Shell 14 includes a refrigerant inlet 15 that is configured to receive liquid refrigerant or a mix of liquid and vapor refrigerant from a source of refrigerant (not shown). Shell 14 also includes a vapor outlet 25 opening to the interior of the shell 14 that is configured to connect to an external device such as a compressor (not shown). Shell and tube evaporator 12 is also shown to include a refrigerant pool boiling zone 24 arranged in a lower portion of shell 14. The refrigerant pool boiling zone 24 includes a pool tube bundle 26 through which a heating fluid is passed in heat exchange relationship with a pool 28 of refrigerant collecting in the refrigerant pool boiling zone 24. Pool 28 of refrigerant includes an amount of liquid refrigerant having an upper surface 29. The heating fluid circulating through the pool tube bundle 26 exchanges heat with pool 28 of refrigerant to convert an amount of refrigerant from a liquid to a vapor state.
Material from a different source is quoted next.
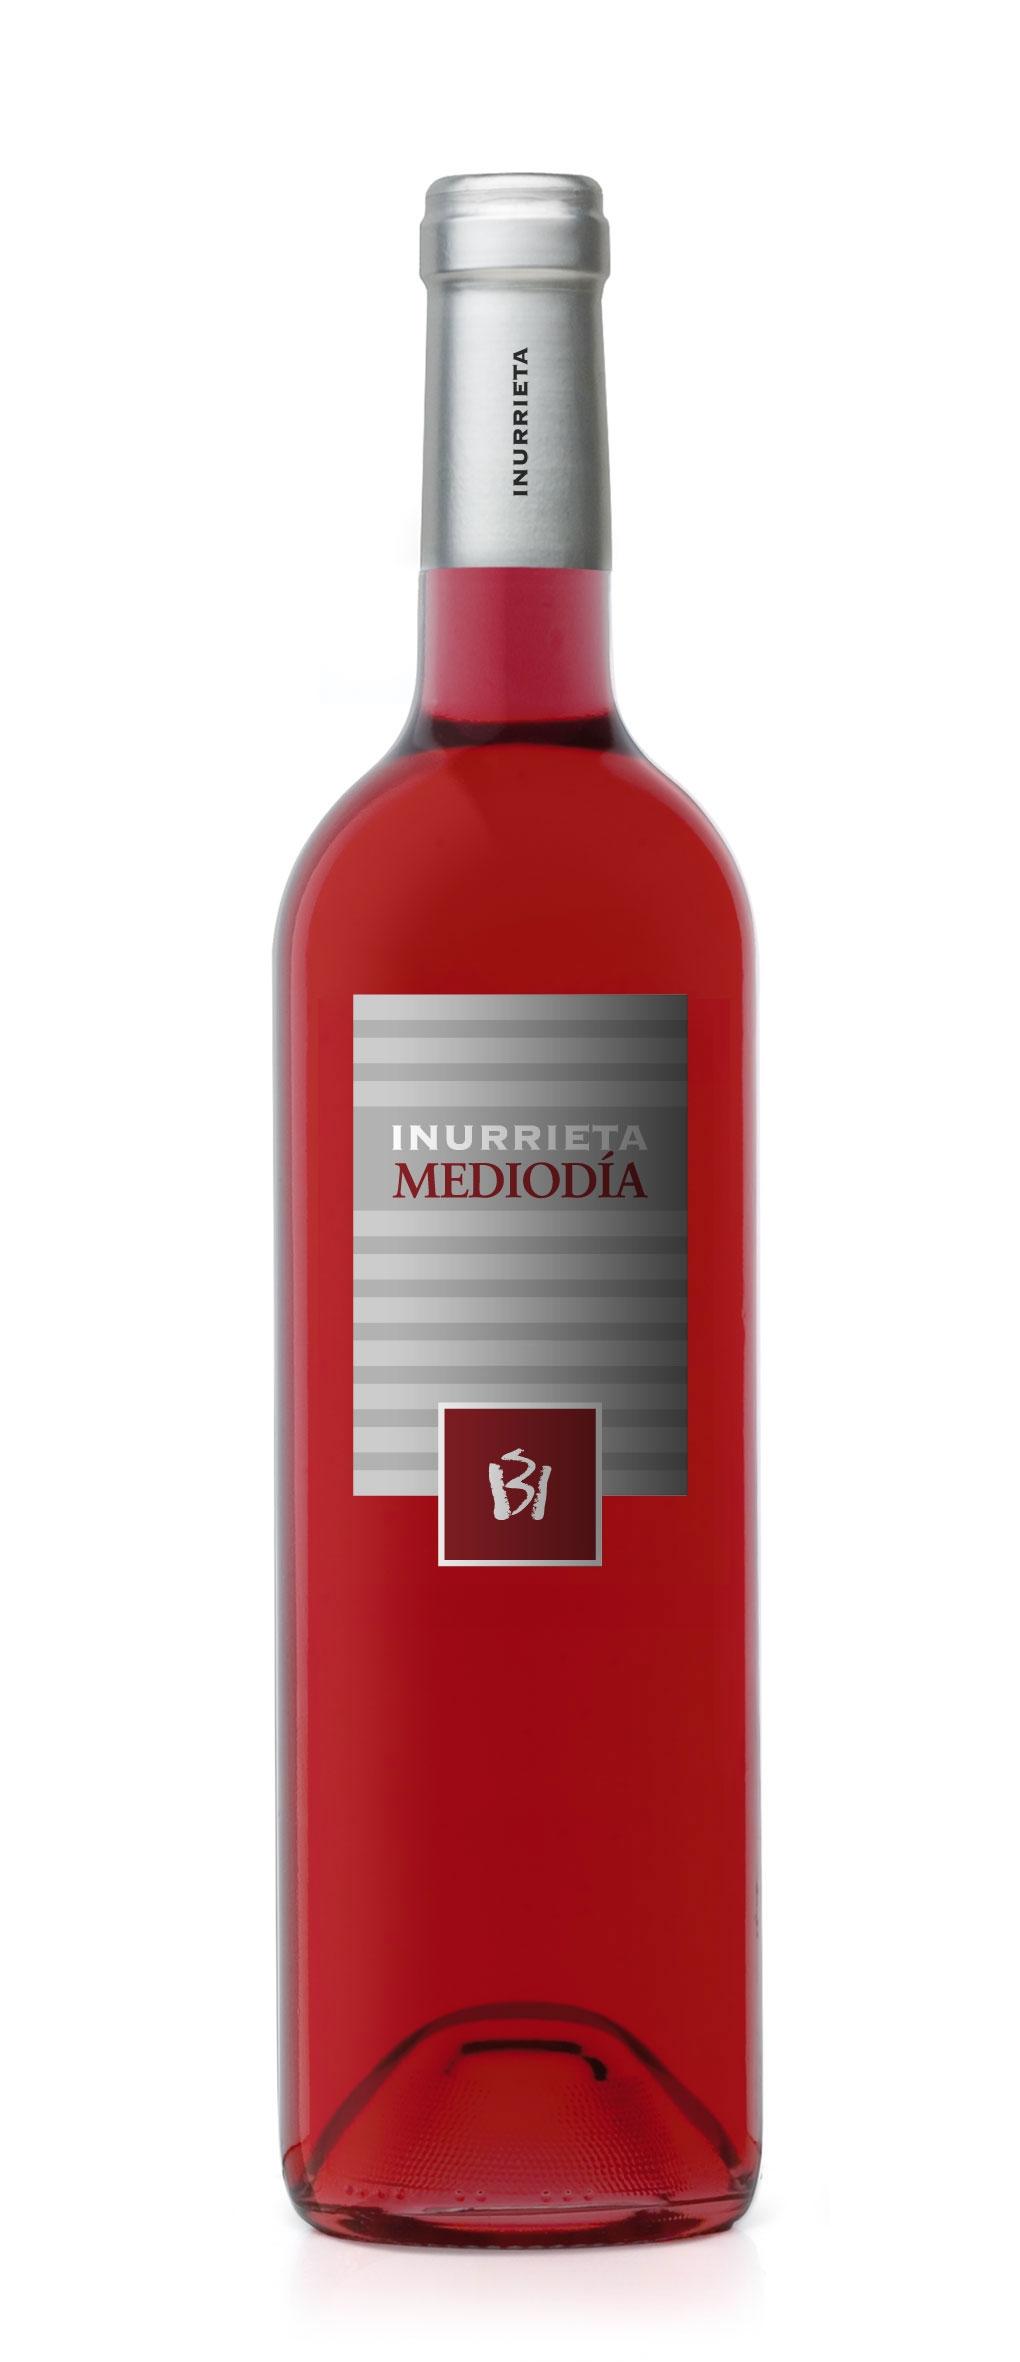 inurrieta mediodia vino rosado

As noted previously, shell and tube evaporator 12 includes a plurality of tube bundles 20 that collectively form a falling-film evaporator designated generally at 30. However, it should be understood that while shown with a plurality of tube bundles 20 are shown in FIG. 1, any number of tube bundles 20, including a single tube bundle, could also be employed as a falling-film evaporator in connection with shell and tube evaporator 12. Each tube bundle 20 includes a plurality of heat exchange tubes 22 arrayed in spaced relationship in a column and row matrix. The number of tubes 22 in each column and row is a matter of design choice. Each tube 22 provides a flow passage through which a fluid to be chilled, such as for example, but not limited to, water or a water/glycol mix, and acts as a heat exchange interface between the low-pressure refrigerant fed into the interior of the shell 14 and the fluid to be chilled. In the embodiment of the evaporator 12 depicted in FIG. 1, the tube bundles 20 may be disposed in laterally spaced relationship within the interior of the shell 14 with the lowermost row of tubes 22 of each bundle 20 being spaced above the surface 29 of the pool 28 of liquid refrigerant.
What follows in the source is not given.